Simple source for new file types¶
This tutorial will help you with implementing your own Source
for new file
types. You may want to do this if you have some specific file formats from which
you want to load and save data from.
Here we will go through implementing a source for .ini
file formats.
Create the Package¶
To create a new source we first create a new Python package. DFFML has a script to do it for you.
$ dffml service dev create source dffml-source-ini
$ cd dffml-source-ini
We will start writing our source in ./dffml_source_ini/misc.py
About INI files¶
An INI file is a configuration file used by Operating Systems and programs to initialize program settings. It contains sections for settings and preferences (delimited by a string in square brackets) with each section containing one or more name and value parameters.
Import modules¶
dffml_source_ini/misc.py
from configparser import ConfigParser
from dffml import config, entrypoint, Record, FileSource, MemorySource, parser_helper
Here we are importing some common modules which will be required. The configparser
module will be helpful in parsing INI files. The FileSource
and MemorySource
will be used as base class for our new Source. The config was imported to set the
configuration options for our new INISource. The entrypoint will be used to add the
entrypoint to our INISource. A Record
is a unique entry in a source.
Add configuration¶
dffml_source_ini/misc.py
@config
class INISourceConfig:
filename: str
readwrite: bool = False
allowempty: bool = False
Here we will be writing the configuration options which will be available for our INISource. The INISourceConfig will be decorated by config. Here we have provided three configuration options.
Create Source¶
dffml_source_ini/misc.py
@entrypoint("ini")
class INISource(FileSource, MemorySource):
"""
Source to read files in .ini format.
"""
CONFIG = INISourceConfig
Here we have added the entrypoint to INISource class as “ini”. Do note that “ini” source
already exist in dffml list of sources, so you may want to call your own source as “myini”.

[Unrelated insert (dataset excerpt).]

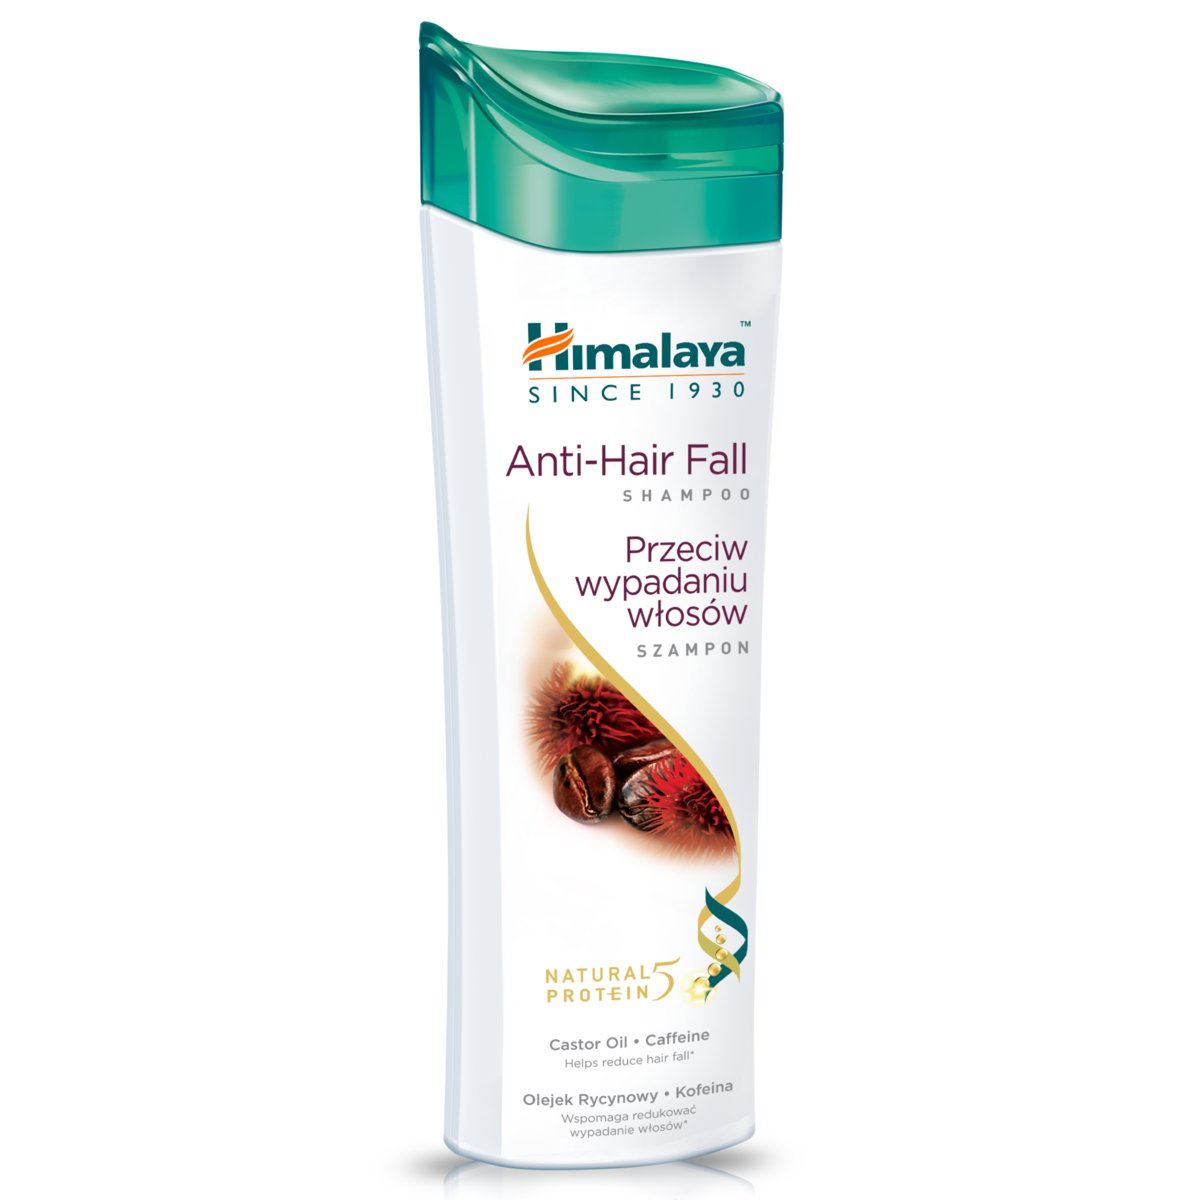 himalaya herbals szampon proteinowy przeciw wypadaniu włosów opinie

The new Source should inherit from FileSource and MemorySource as it abstracts the saving
and loading of files so that we only have to implement the load_fd and dump_fd methods.

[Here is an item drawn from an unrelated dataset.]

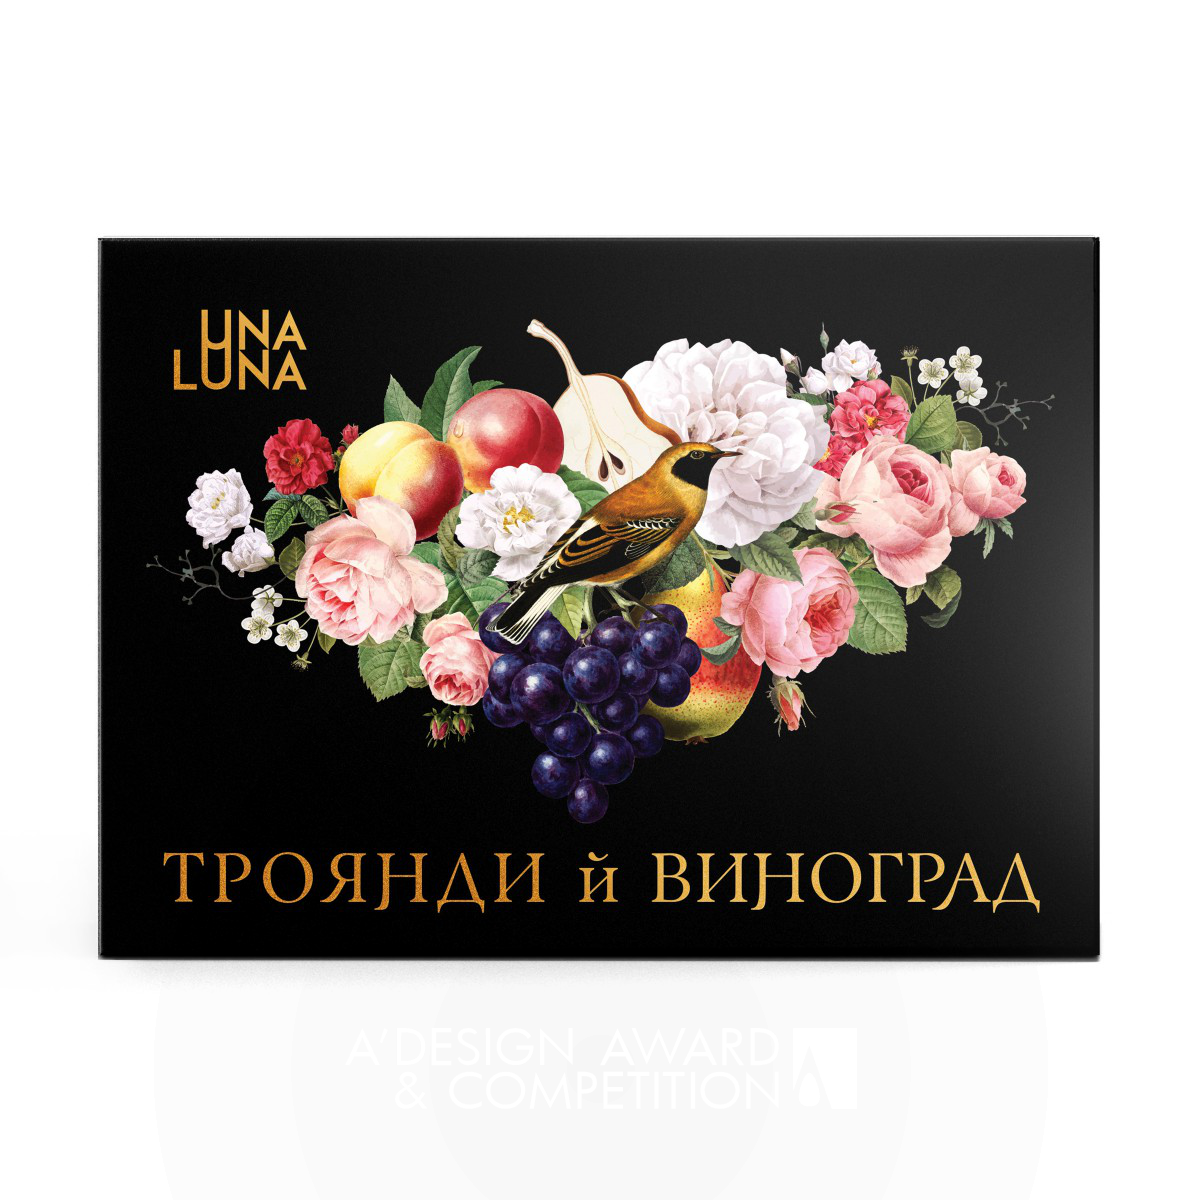 Una Luna: Eine einzigartige Verpackung für Premium-Fruchtbonbons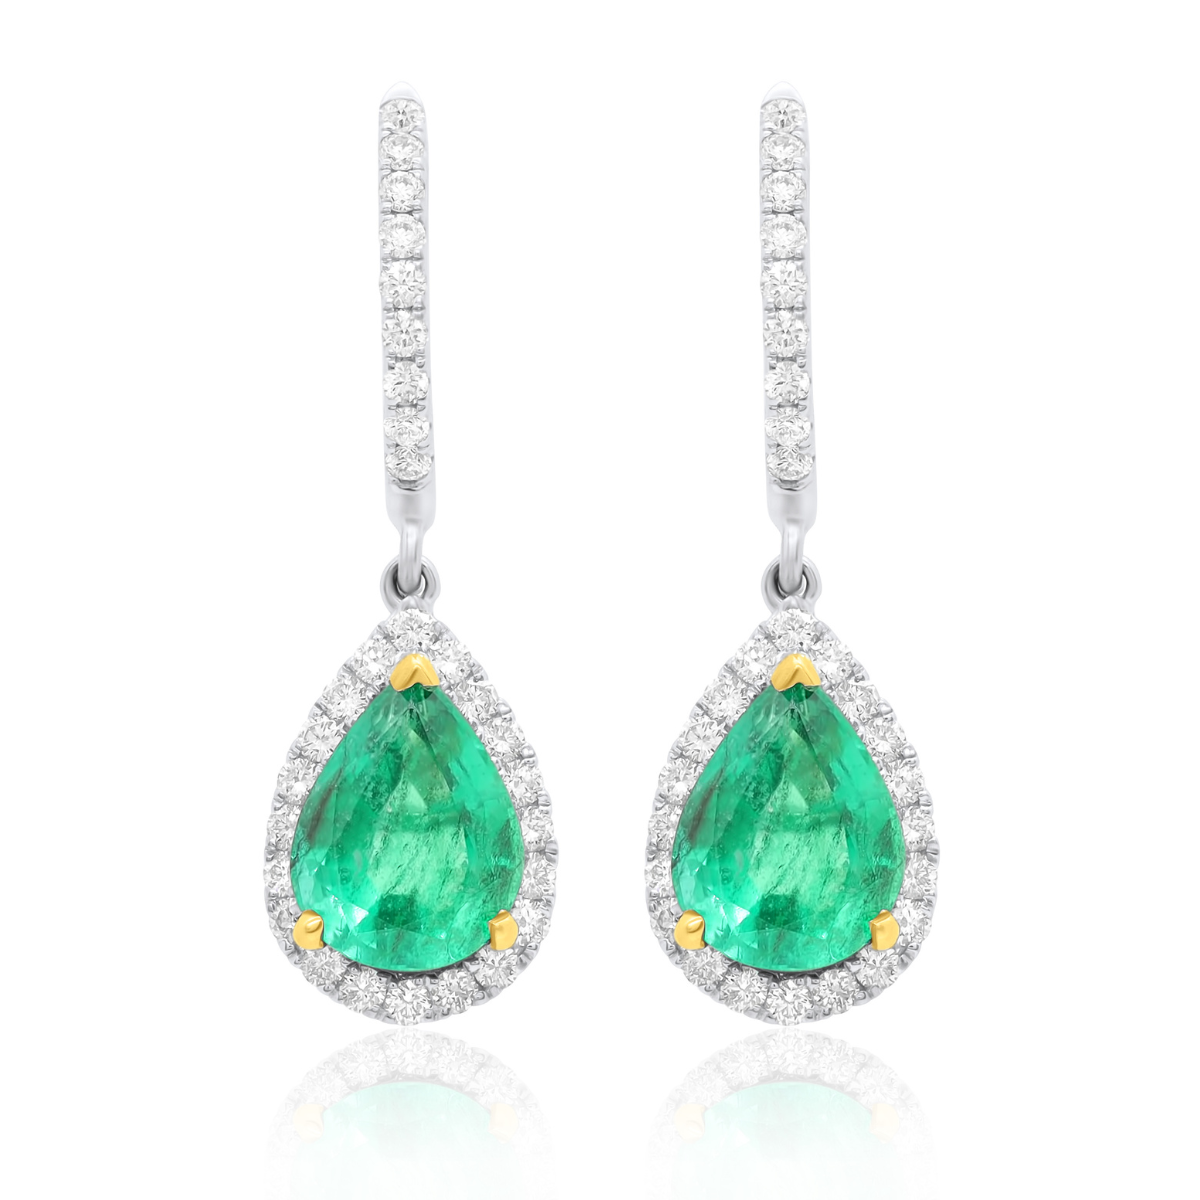 2 carat emerald cut diamond earrings

It takes care of decompression on load and re-compression on save if the files extension
signifies that it’s compressed. We inherit from MemorySource because it implements the
methods required by a Source
provided
that self.mem contains Record objects.
Set the CONFIG variable to the INISourceConfig which we created earlier. Setting the CONFIG variable is important because the instantiated version of CONFIG is accessible as self.config.
Next we will writing the load and dump methods for INISource.
Add load method¶
dffml_source_ini/misc.py
async def load_fd(self, fileobj):
# Creating an instance of configparser
parser = ConfigParser()
# Read from a file object
parser.read_file(fileobj)
# Get all the sections present in the file
sections = parser.sections()
self.mem = {}
# Go over each section
for section in sections:
# Get data under each section as a dict
temp_dict = {}
for k, v in parser.items(section):
temp_dict[k] = parser_helper(v)
# Each section used as a record
self.mem[str(section)] = Record(
str(section), data={"features": temp_dict}
)
self.logger.debug("%r loaded %d sections", self, len(self.mem))

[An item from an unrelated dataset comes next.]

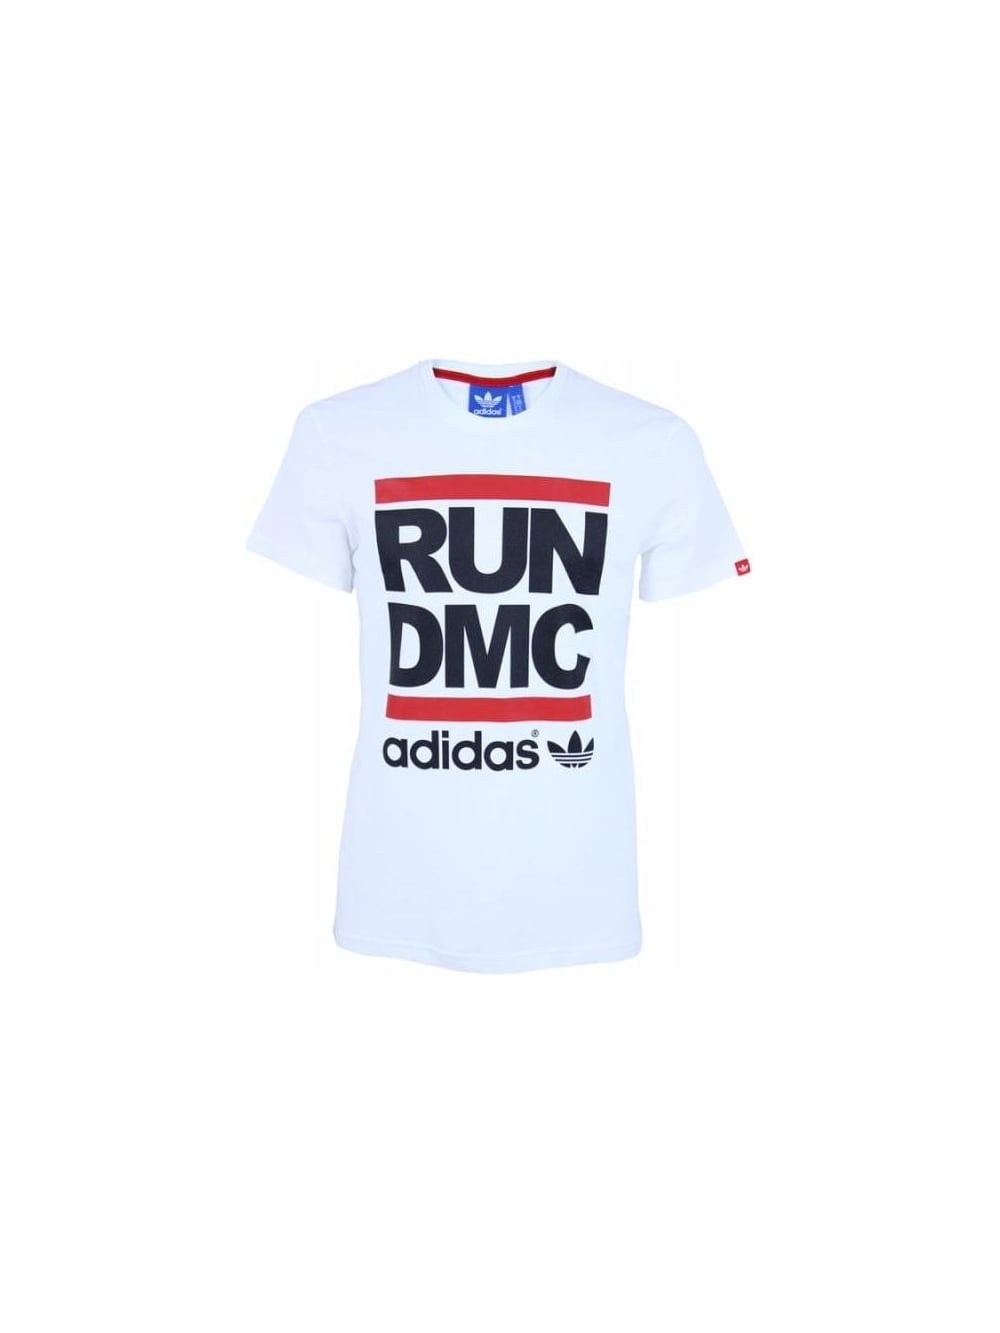 DMC Logo - Adidas Originals X Run DMC Logo T Shirt in White

This method will be used to load the data from the file(s). We will be reading data
from the file object (fileobj) and loading that data into memory (self.mem). Each
Record
instance consist of key (str type) of the
record and data (dict type), with data having a key features
which stores all
the data for that record.
Going over the code, we have defined a coroutine with parameter fileobj, here
fileobj is the file object. we are reading from the fileobj file object. Each section of the
INI file is used as a Record, with the name of the section used as key for that Record.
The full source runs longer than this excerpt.